Chatham Episcopal Institute (Chatham Hall)
CHATHAM EPISCOPAL INSTITUTE. For many years the Episcopal Church of Pittsylvania County was fortunate in having as one of its most effective clergymen and workers, Rev. C. O. Pruden, whose labors were shared during more than a quarter of a century by Rev. Chiswell Dabney, who survives his former associate and warm, personal friend. To these two earnest ministers of the Gospel and public-spirited citizens the diocese of Southern Virginia and the people of Chatham are indebted for the Chatham Episcopal Institute for Girls, which these gentlemen founded in 1902. They had come to the realization that there was no school for girls between Bristol and Norfolk, or Staunton and Raleigh, and recognizing the necessity for it, took this means of supplying the urgent need.
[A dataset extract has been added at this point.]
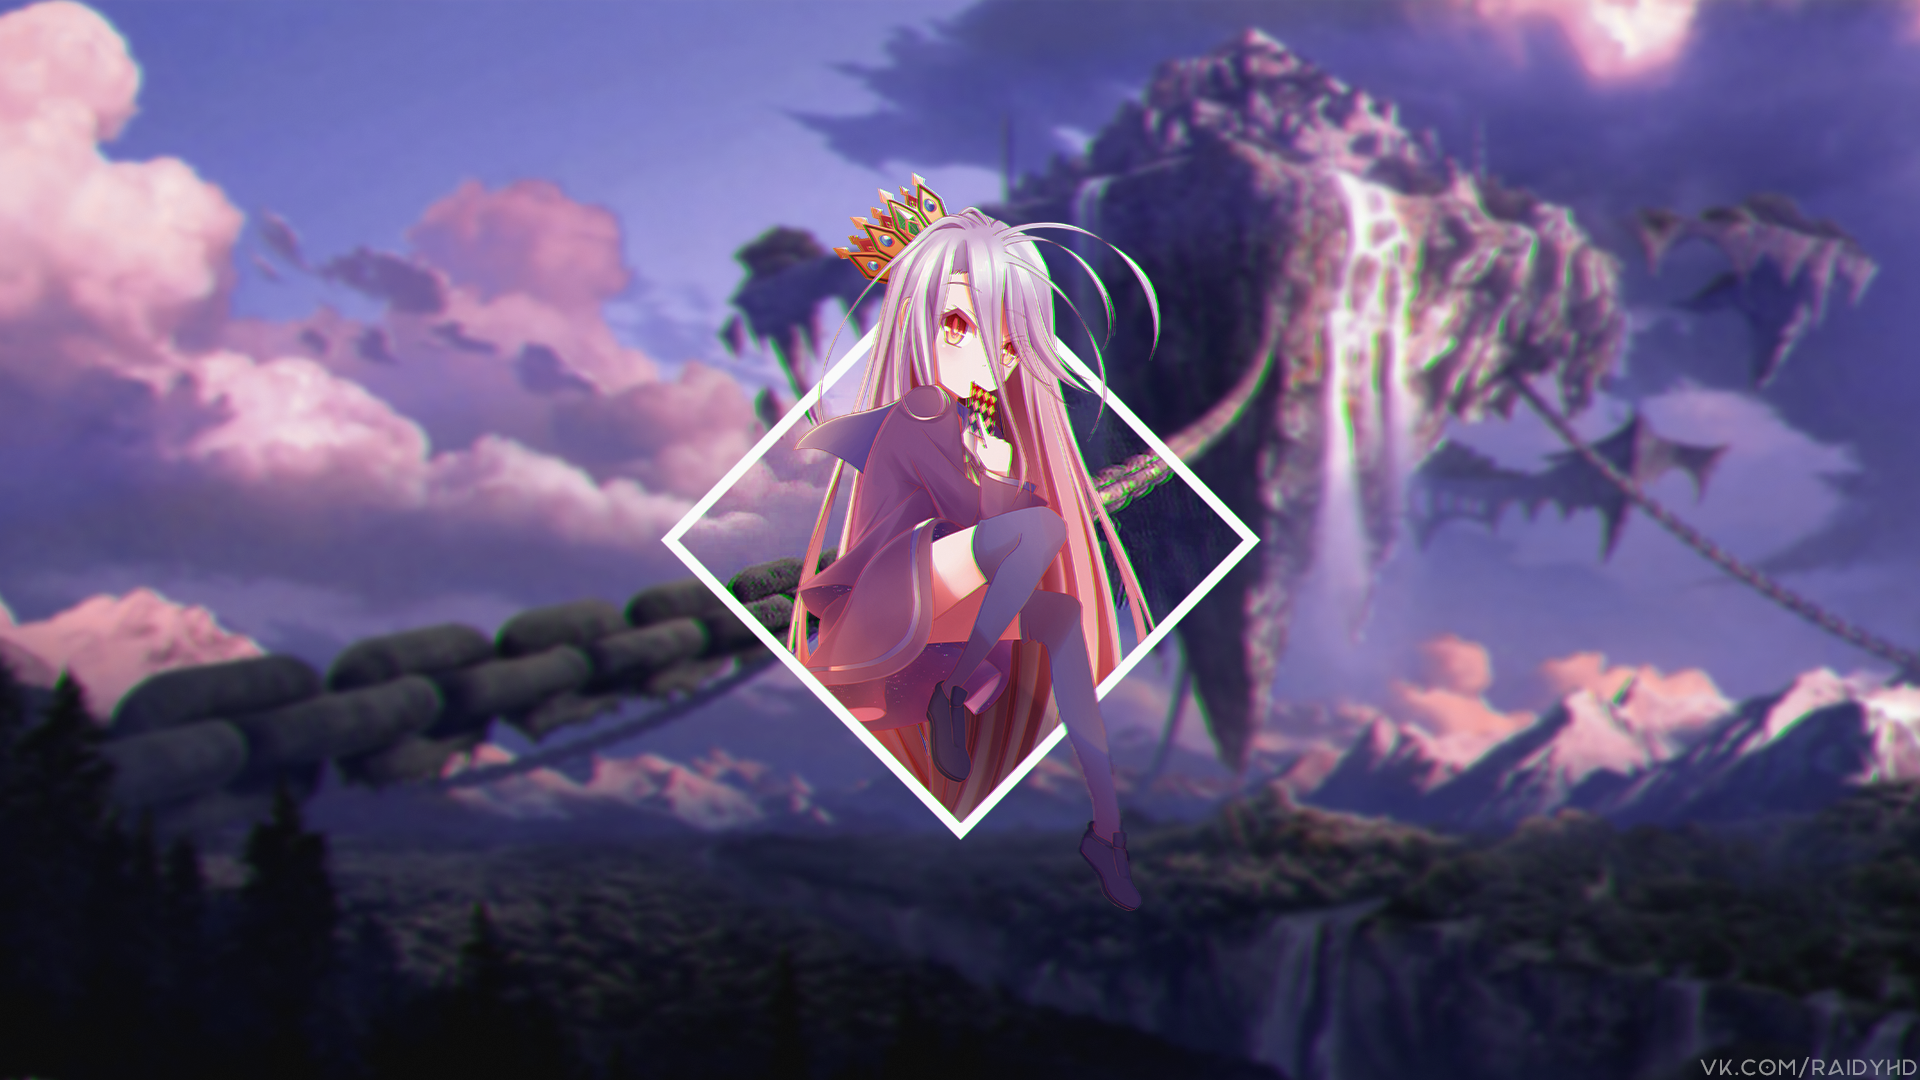 Anime 1920x1080 anime anime girls picture-in-picture No Game No Life watermarked

The beginnings of the school, as of many excellent enterprises, were small, and sessions were held at the residence of John Gilmer. Seven boarding students and five teachers were accommodated. Extensive additions were made until in 1905 the school accommodated seventy-five students. On February 17, 1905, the entire structure was destroyed by fire, and for the subsequent eighteen months the students were housed and the school work carried on in such residences as were offered by the people of Chatham.
In the meanwhile, however, the Reverends Pruden and Dabney had been very active in rebuilding, and in 1907 the new brick building now known as Pruden hall was completed. This has a capacity of seventy boarding students. It was planned to make this hall the center of three buildings, one of which, Dabney Hall, was completed in 1911. The Board of Trustees is planning to erect the third building in the near future.
The Chatham Episcopal Institute now has a capacity for 140 students. In the student body twenty-five states are represented. There are sixteen members of the faculty, all of them college or university women. Six courses of study are offered, the regular college preparatory, the literary or general course, the home economic course, the music course, the art course and the secretarial course.
In equipment and academic standard the school ranks with the very best preparatory institutions. In 1918 this school was turned over by Reverends Pruden and Dabney to the diocese of Southern Virginia, and since that time has been the diocesan school, with the bishop and bishop coadjutor of the diocese as president and vice president of the Board of Trustees. After the death of Doctor Pruden, the rector, in December, 1921, the management of the school was put in the hands of the principal, Miss Annie Marion Powell, the rector of the parish church at Chatham, Rev. T. G. Faulkner, being the chaplain of the school.